- Date: 29 September – 5 October
- Edition: 7th
- Draw: 32S / 16D
- Surface: Clay
- Location: Braga, Portugal

Champions

Singles
- Luka Mikrut

Doubles
- Marcelo Demoliner / Orlando Luz
- ← 2024 · Braga Open · 2026 →

= 2025 Braga Open =

The 2025 Braga Open was a professional tennis tournament played on clay courts. It was the seventh edition of the tournament which was part of the 2025 ATP Challenger Tour. It took place in Braga, Portugal between 29 September and 5 October 2025.

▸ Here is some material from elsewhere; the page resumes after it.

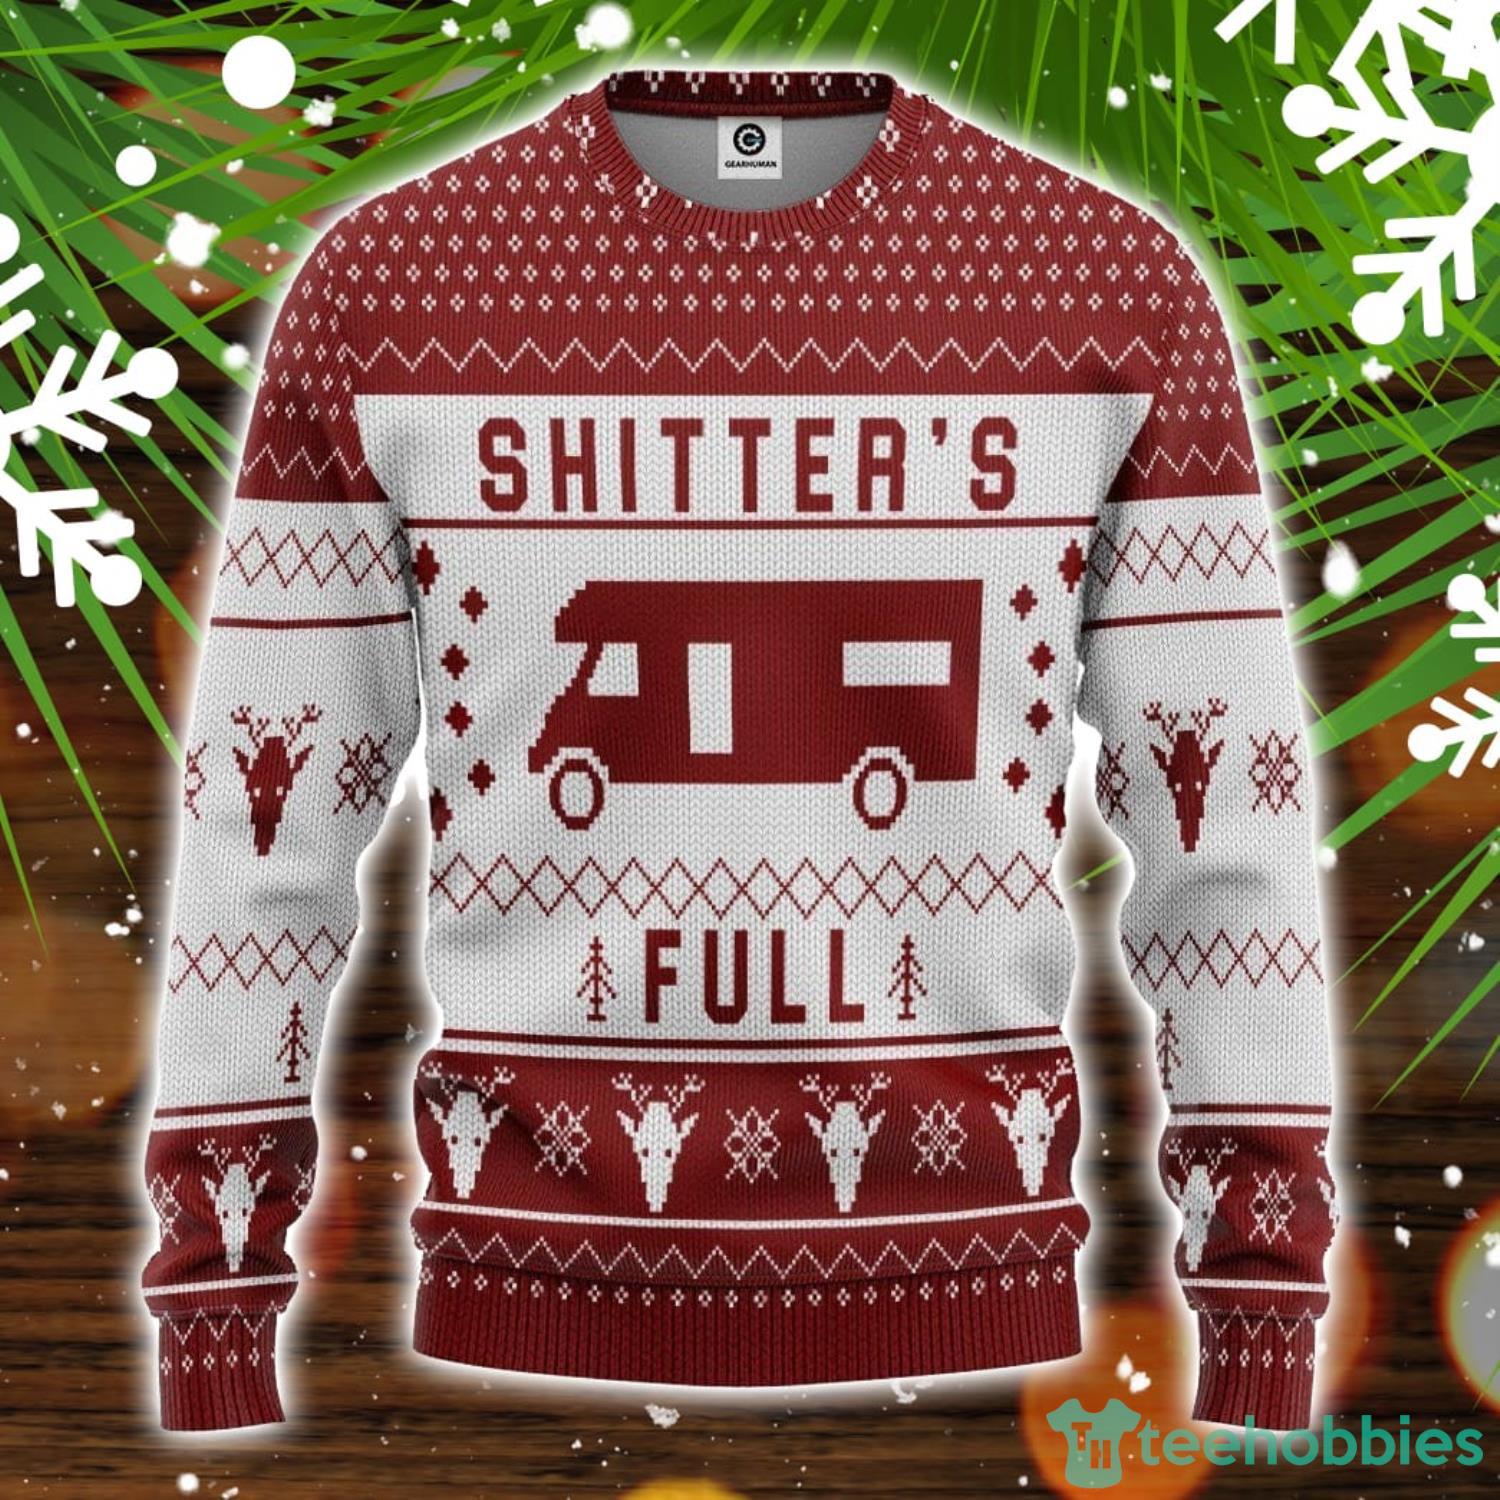 3D Shitters Full Ugly Christmas Sweater Christmas Holiday Gift Product Photo 1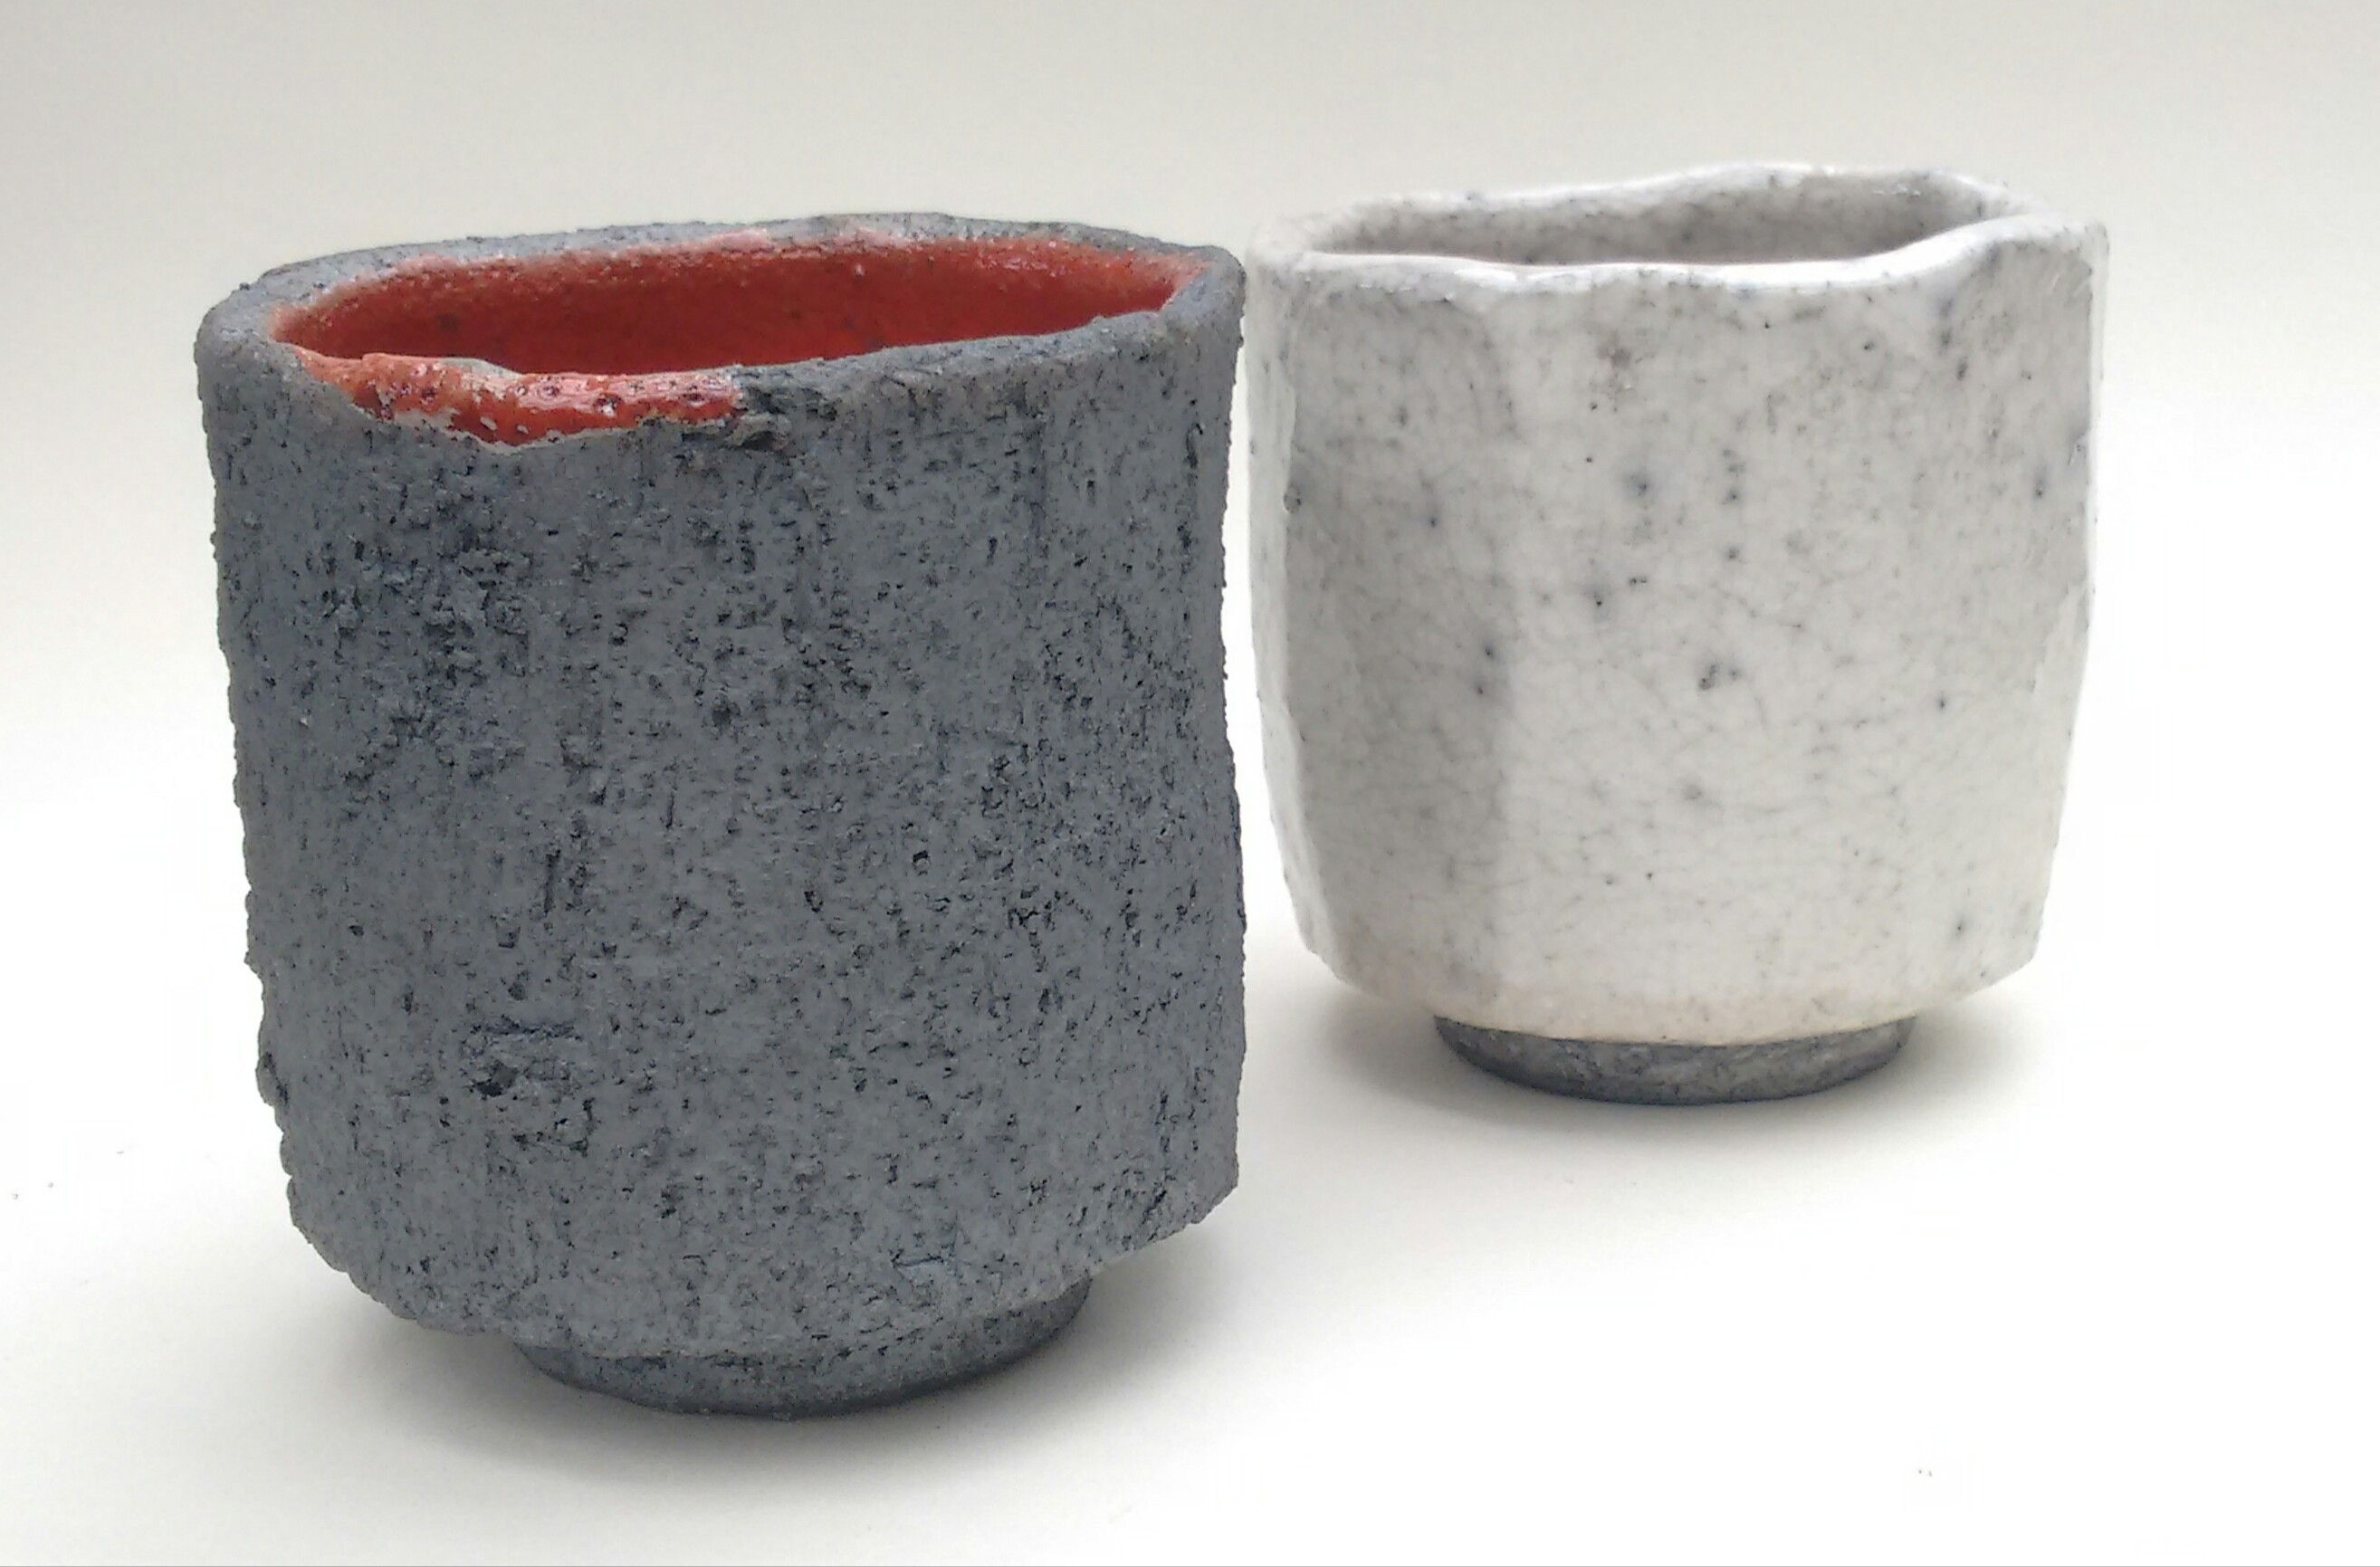 An image of two small pots, one in dark speckled grey and one in light 

==Singles main-draw entrants==
===Seeds===

| Country | Player | Rank^{1} | Seed |
|---|---|---|---|
| ESP | Carlos Taberner | 108 | 1 |
| ESP | Roberto Carballés Baena | 113 | 2 |
| PER | Ignacio Buse | 116 | 3 |
| DEN | Elmer Møller | 117 | 4 |
| POR | Jaime Faria | 118 | 5 |
| SRB | Dušan Lajović | 125 | 6 |
| ITA | Andrea Pellegrino | 134 | 7 |
| ARG | Marco Trungelliti | 143 | 8 |

- ^{1} Rankings are as of 22 September 2025.

===Other entrants===
The following players received wildcards into the singles main draw:
- POR Pedro Araújo
- POR Tiago Pereira
- POR Francisco Rocha

The following players received entry from the qualifying draw:
- BEL Buvaysar Gadamauri
- DEN Johannes Ingildsen
- FRA Lilian Marmousez
- IND Sumit Nagal
- GER Henri Squire
- POR Tiago Torres

The following players received entry as lucky losers:
- ESP Javier Barranco Cosano
- NED Max Houkes

==Champions==
===Singles===

- CRO Luka Mikrut def. LTU Vilius Gaubas 6–3, 6–4.

===Doubles===

- BRA Marcelo Demoliner / BRA Orlando Luz def. BUL Alexander Donski / SRB Stefan Latinović 7–5, 5–7, [10–7].